Down to the final line, write out the material beneath exactly, without pictures.

▶ [GIVEN INFORMATION]:
________________

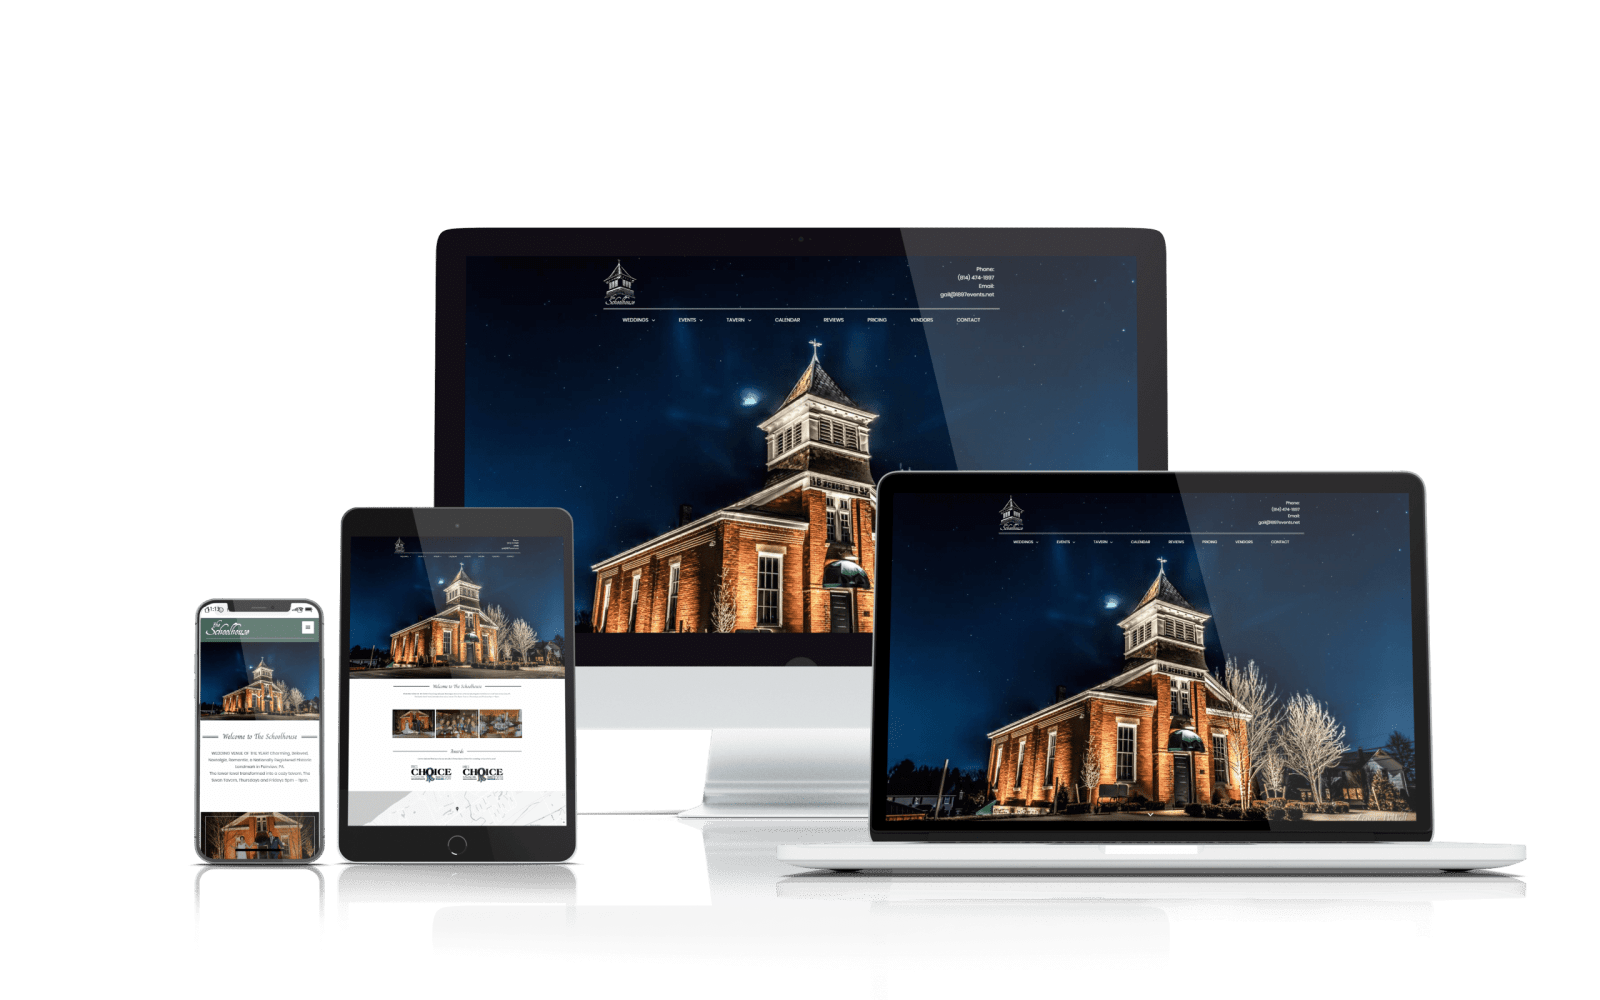 event venue web design
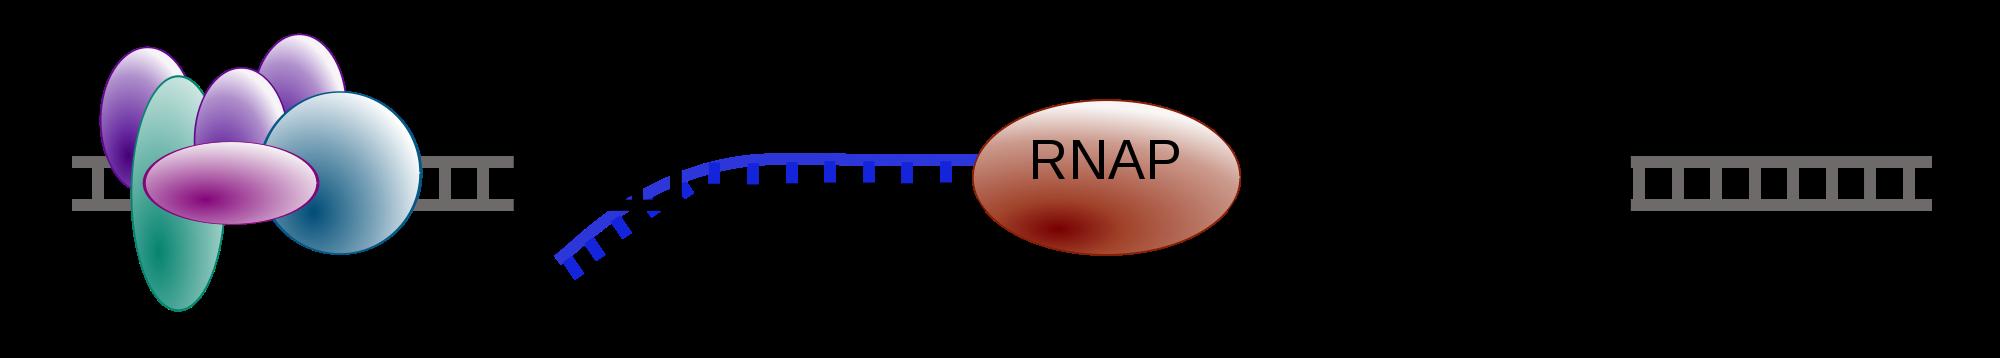 Elongation phase of transcription
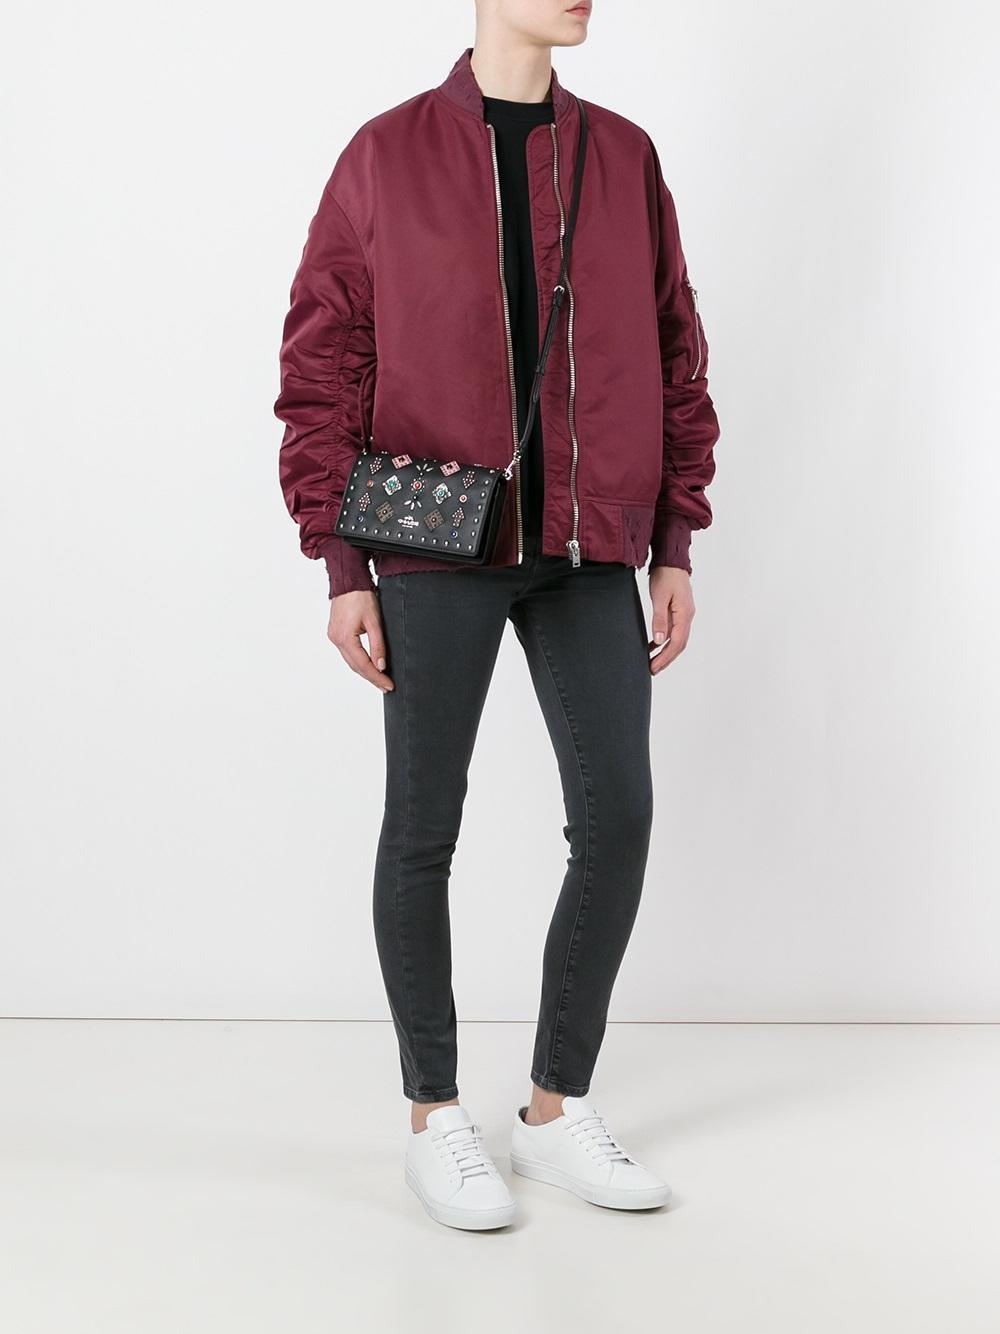 COACH Leather Western Rivet Crossbody Bag in Black

________________

▶ [ANSWER BOX]:
 event venue web design
 Elongation phase of transcription
 COACH Leather Western Rivet Crossbody Bag in Black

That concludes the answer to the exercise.